In this situation, we would then tend to recommend the term of 4 years.

It is important to note that each situation is unique. It requires a specific analysis of the client’s overall financial situation, as well as knowledge of his risk tolerance. A mortgage broker’s expertise goes beyond simply negotiating the best rates for your clients. Analyzes of the various options available should be carried out in order to reduce the cost of interest in the long run.

Is the increase in bond rates sustainable?

The massive injection of liquidity into the economy across the world, along with the ongoing vaccination, is expected to bring the global economy to strong growth. So there is no reason for bond rates to stay close to zero. So it makes sense to expect bond rates to be higher.

What to expect regarding mortgage rates?

The 5-year fixed mortgage rates evolved in the same way as the bond rates and exceeded the 2% mark. We can therefore expect to see fixed mortgage rates continue to rise. In this context, it would therefore be wise to make rate “reservations”.

The Bank of Canada (BoC) was the first central bank to cut its monetary easing program (Quantitative Easing). This action represents the first step in returning monetary policy to normal. With the reopening of the economy, we must agree to see the Bank of Canada announce the end of this program by the end of the year. In addition, with the current pace of vaccination, we can expect to see the pandemic over and the Canadian economy recovering a good part of the jobs lost in the coming quarters. Under these conditions, there will no longer be any need for the BoC to maintain its accommodative monetary policy, which suggests that a return to normal is approaching.

In this context, we can anticipate that the key rate will start to increase at the beginning of next year. In principle, this rate increase should be gradual and constant. Likewise, the variable rate may continue to obtain savings by the end of next year, but in our opinion, these savings are not substantial enough to recommend a variable rate at this time. It is in fact expected that its value will exceed the fixed rate during the year 2023. In addition, with a constant increase in the price of since the end of last year, the probabilities that inflation is not just transitory increase. considerably. The BoC could thus be tempted to increase the key rate more aggressively. For this reason, the current difference between fixed and variable rates is not worth the risk.
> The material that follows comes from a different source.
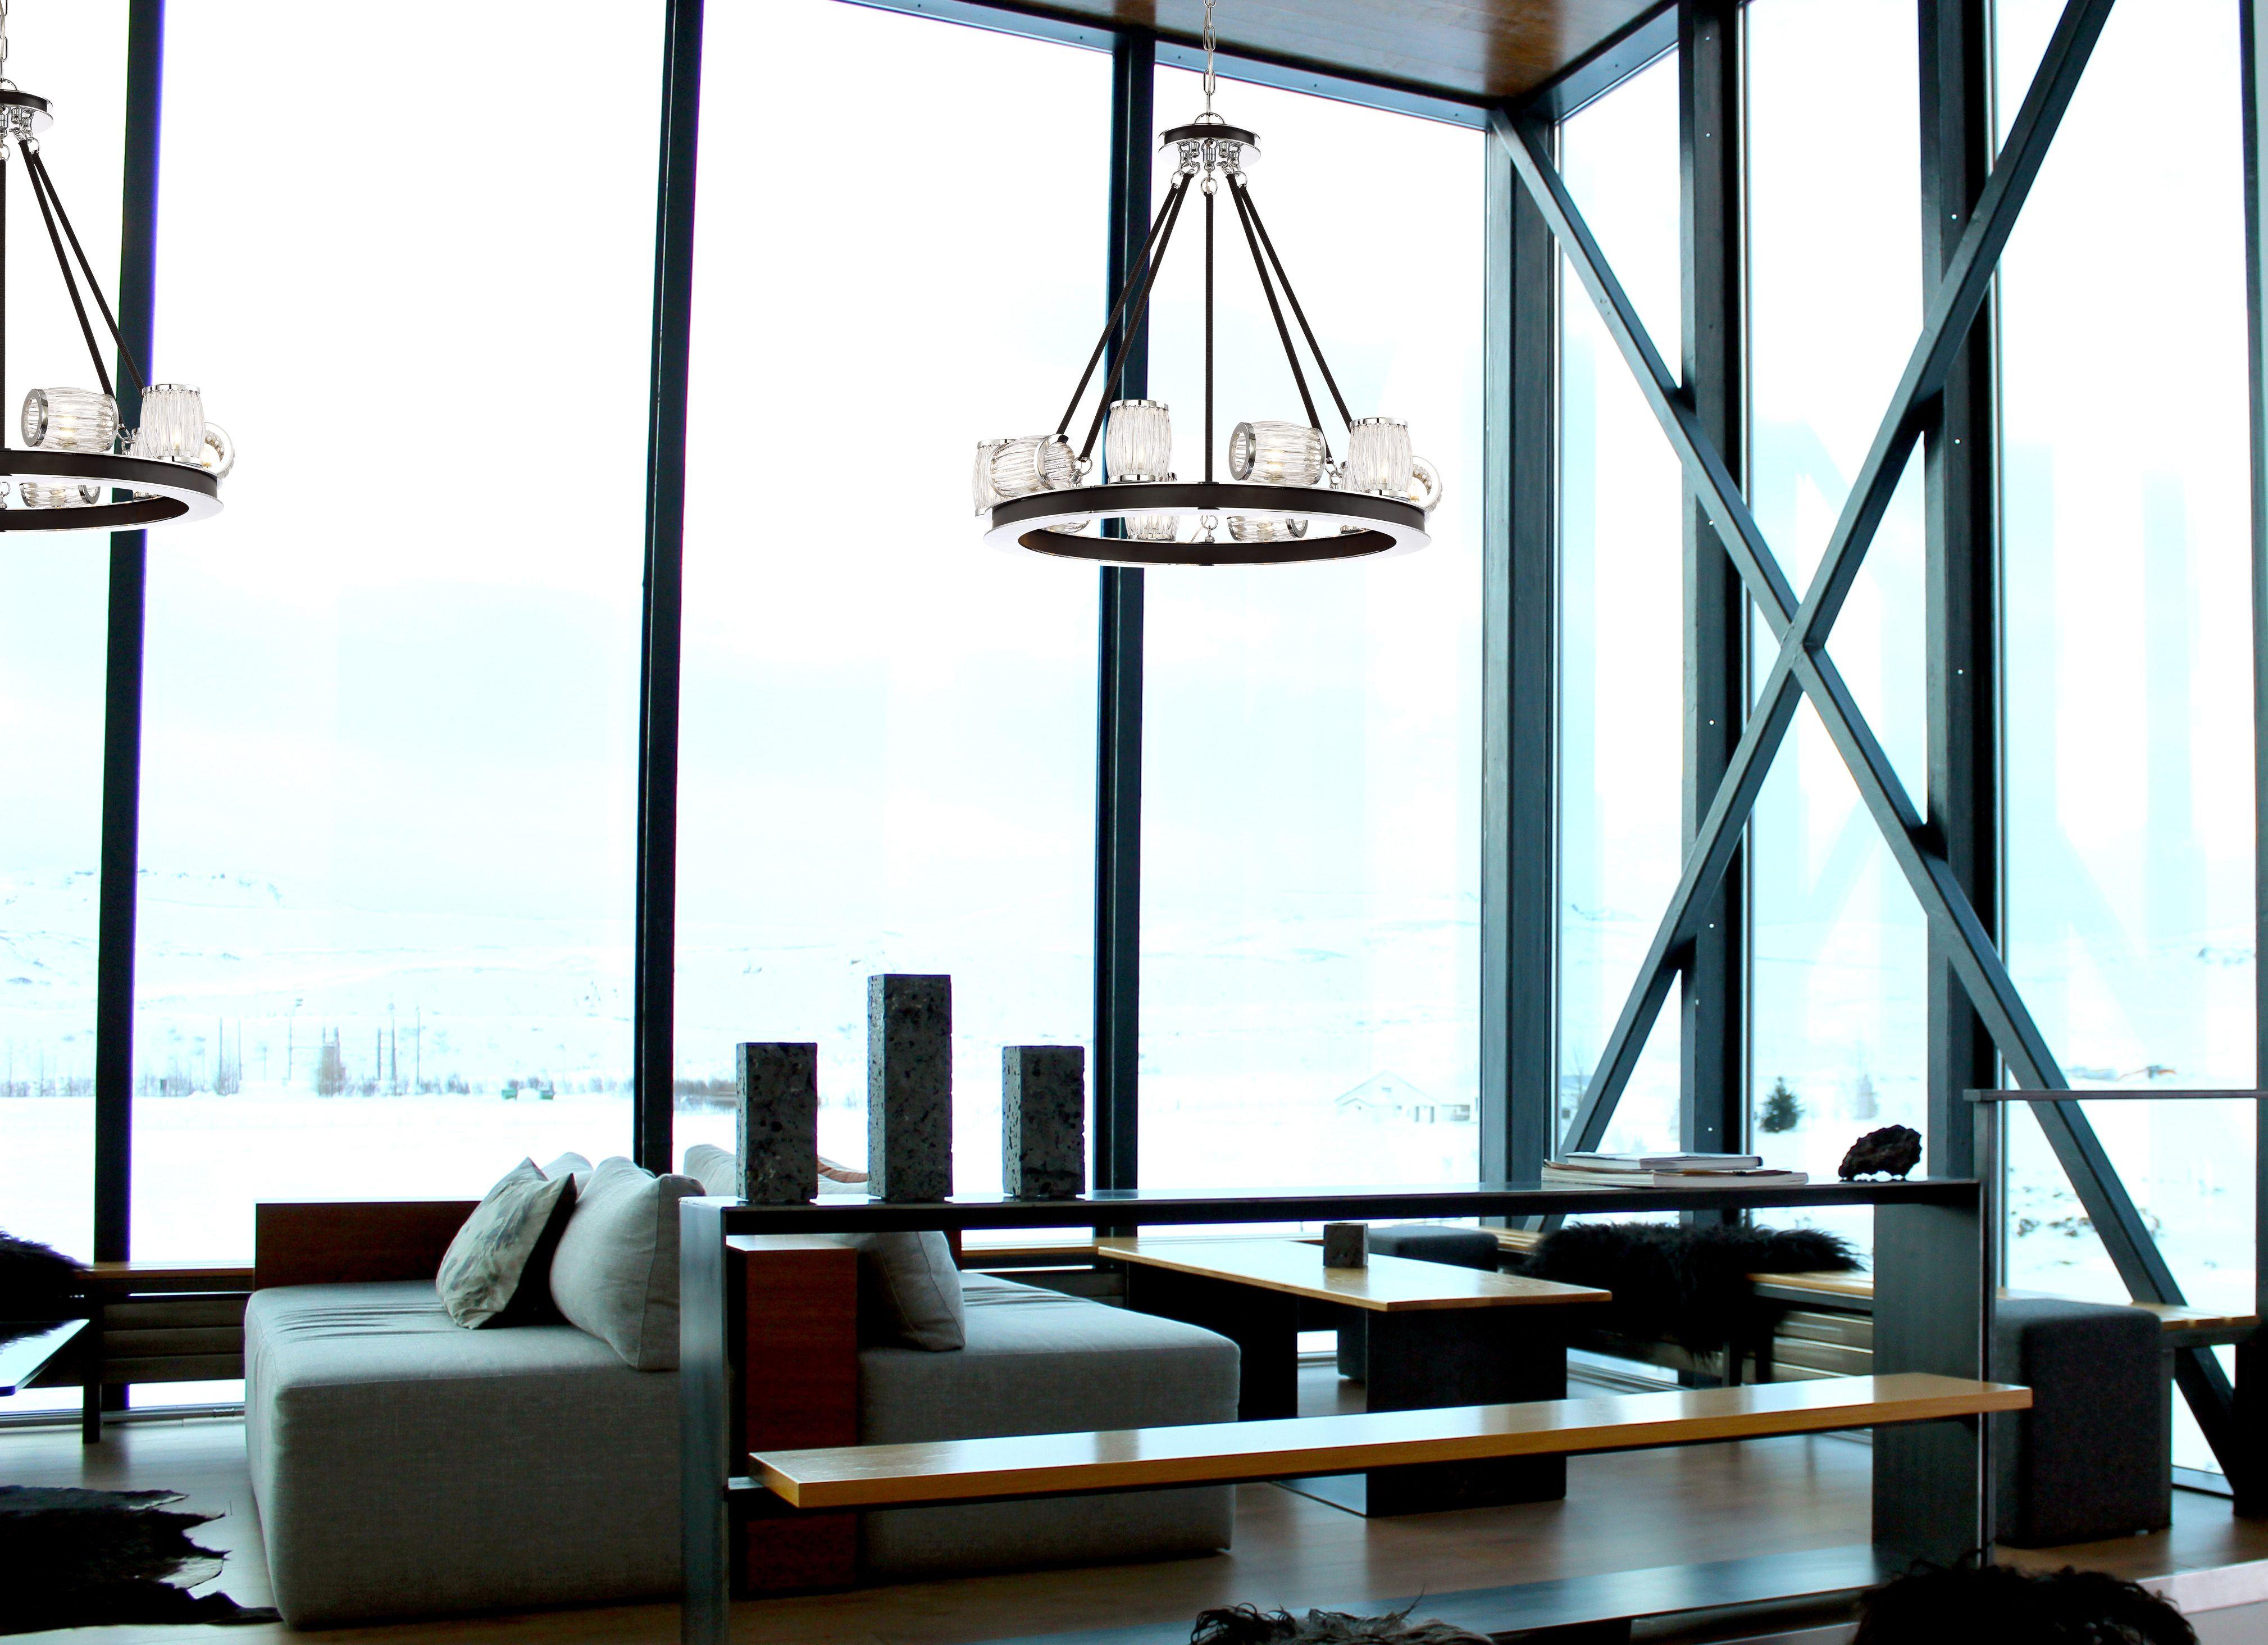 Room Products Lighting design Design trends

So call a mortgage broker to ensure that your client is benefiting from the best program available on the market.

Liability management is an integral part of a client’s financial situation and sometimes even “the” largest part. It is therefore essential to entrust the analysis of this to an objective professional who will know how to guide your client and ensure that he understands the value. After all, isn’t liability management in itself just as important as asset management?